6- Tencereye kerevizlerin boyuna gelecek kadar sıcak su doldurun, tencerenin kapağını kapatarak kerevizler ve tavuklar yumuşayıncaya kadar kısık ateşte pişirin. Bekleme aşamasında, yıkayıp, limonlu suda beklettim kerevizlerimi. Suyunu ekleme sırası gelince de bu limonlu suyu ekledim. Biraz mayhoş bir lezzet isteyenler deneyebilir; ben çok sevdim. Görüşmek dileğiyle..

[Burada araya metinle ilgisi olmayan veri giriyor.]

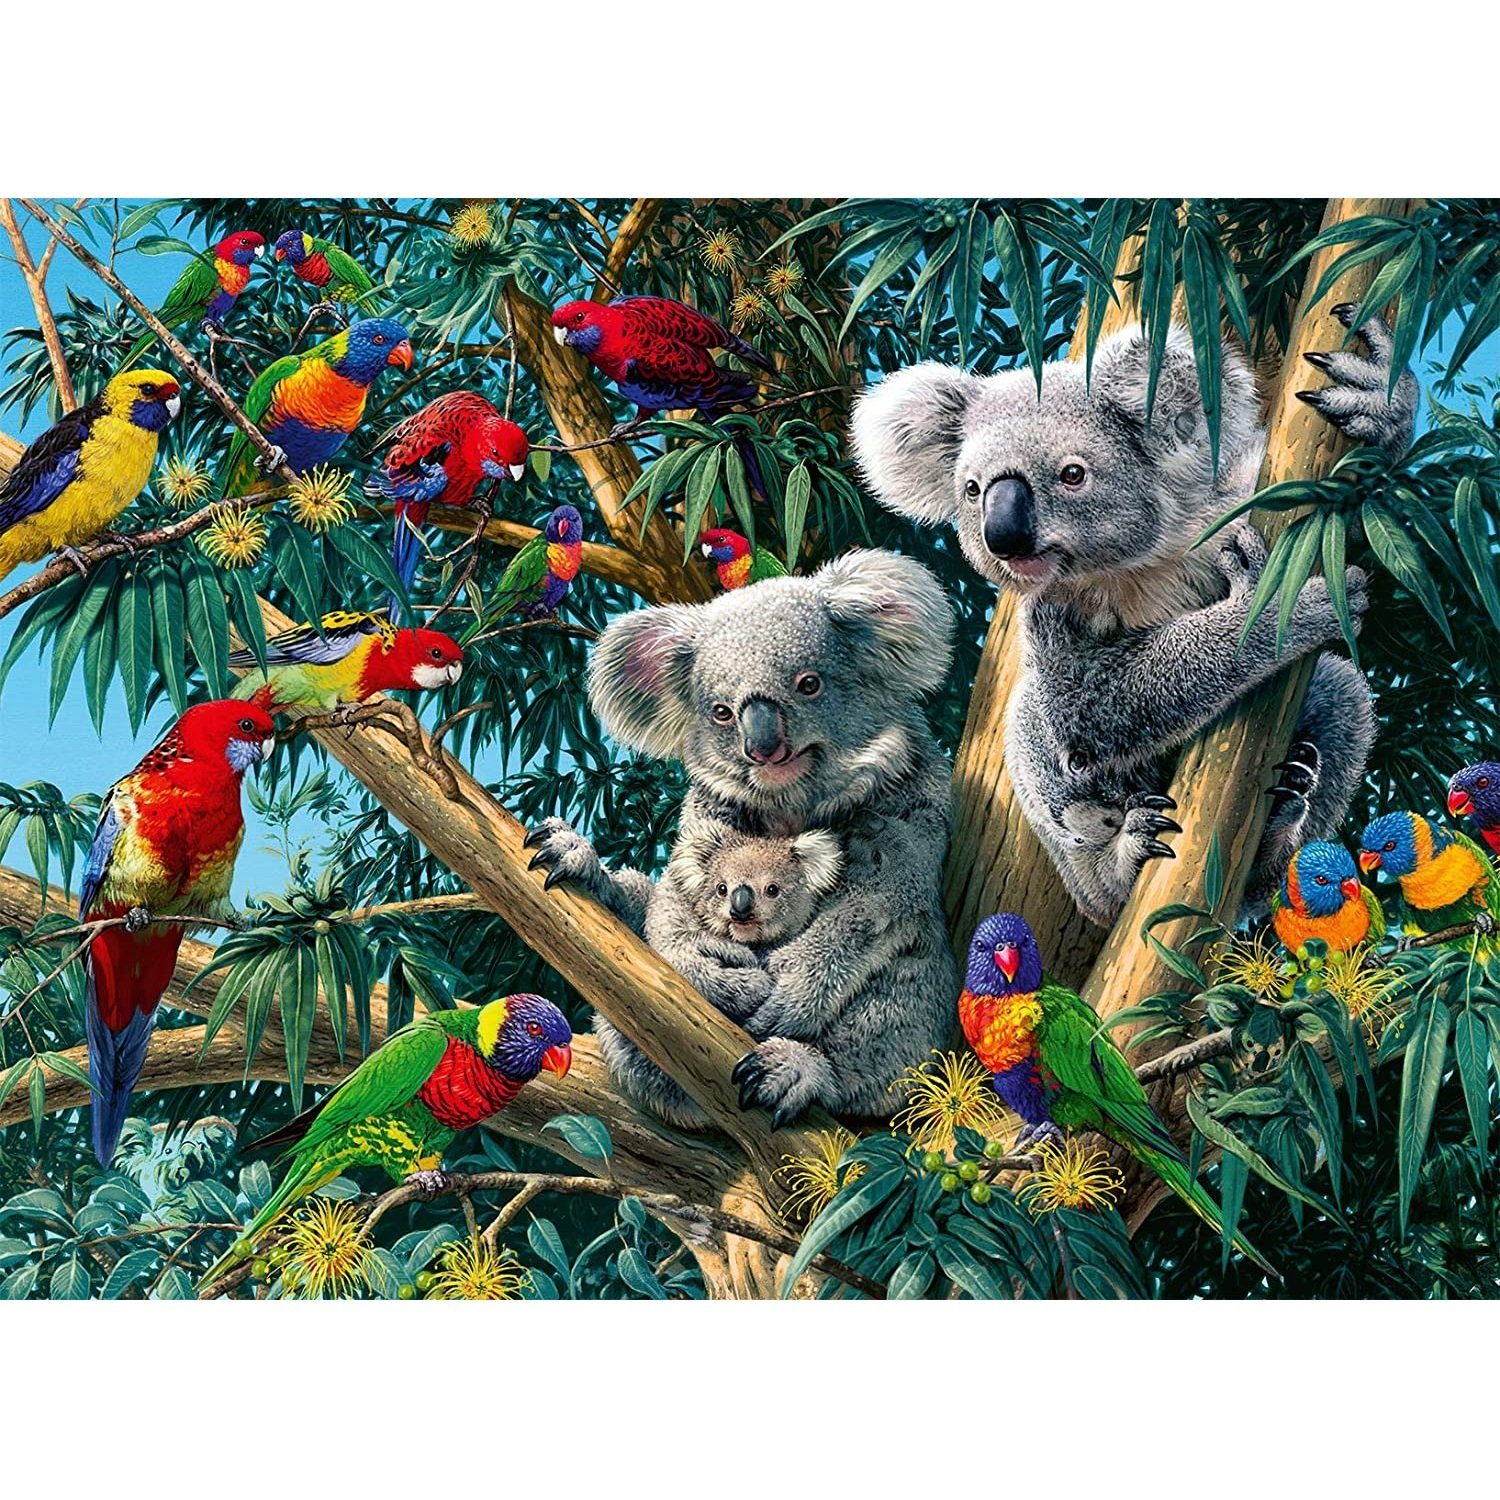 500 Puzzleteile - Koalas Baum, Teile Ravensburger Puzzle Ravensburger im Puzzle, 500

Kocaman bir Selam ve Ayva tatlısı..

                   Merhabalar!  Mutfağı çok seven biri; vakit buldukça blogları karıştıran farklı lezzetler denemeyi seven, yaptığı yemekleri fotoğraflayıp arşivleyen, çok yığıldığını  görünce de ''E benim de bir bloğum olsun bari!'' diyerek işe koyulan bir anne, öğretmen, ev hanımıyım ben. Vakit buldukça buradayım. :) İlk tarifim bir meyve tatlısı. E mevsimi geçmeden yayınlamalı; bir de tatlı başlamalı ki tatlı tatlı devam etsin!  İlk defa Ayva Tatlısı yaptım.  Yıllar önce keşfettiğim ve aslında çok da ünlü olan Sevgili Portakal Ağacından aldığım tarife göre yaptım. Çok da güzel oldu. Tekrar görüşmek dileğiyle.. 


  • 5 adet ayva
  • 1 kg toz şeker
  • 1/2 çay kaşığı gıda boyası
  • 7-8  adet karanfil
  • ayva çekirdekleri
hazırlanması:
  1. Ayvaları  soyup ikiye bölün. Çekirdek yataklarını çıkarıp çekirdeklerini bir kenarda bekletin
  2. Temizlenen ayvaları yayvan bir tencereye yanyana dizin.  Bir su bardağı kadar suda eritilmiş gıda boyasını üzerine dökün.
  3. Şekeri, karanfilleri ve ayva çekirdeklerini ekleyin. Ayvaların yarısına gelecek kadar soğuk su koyarak pişirin.(Pişerken taşabilir; dikkat edin.)  Piştikten sonra soğumasını bekleyin.
  4. Daha sonra bir servis tabağına alıp arzuya göre dondurma; muhallebi ve ya kaymakla servis edin. 
  5. Üzerini süslemek için damak tadınıza göre ceviz, fındık ve ya fıstık kullanabilirsiniz.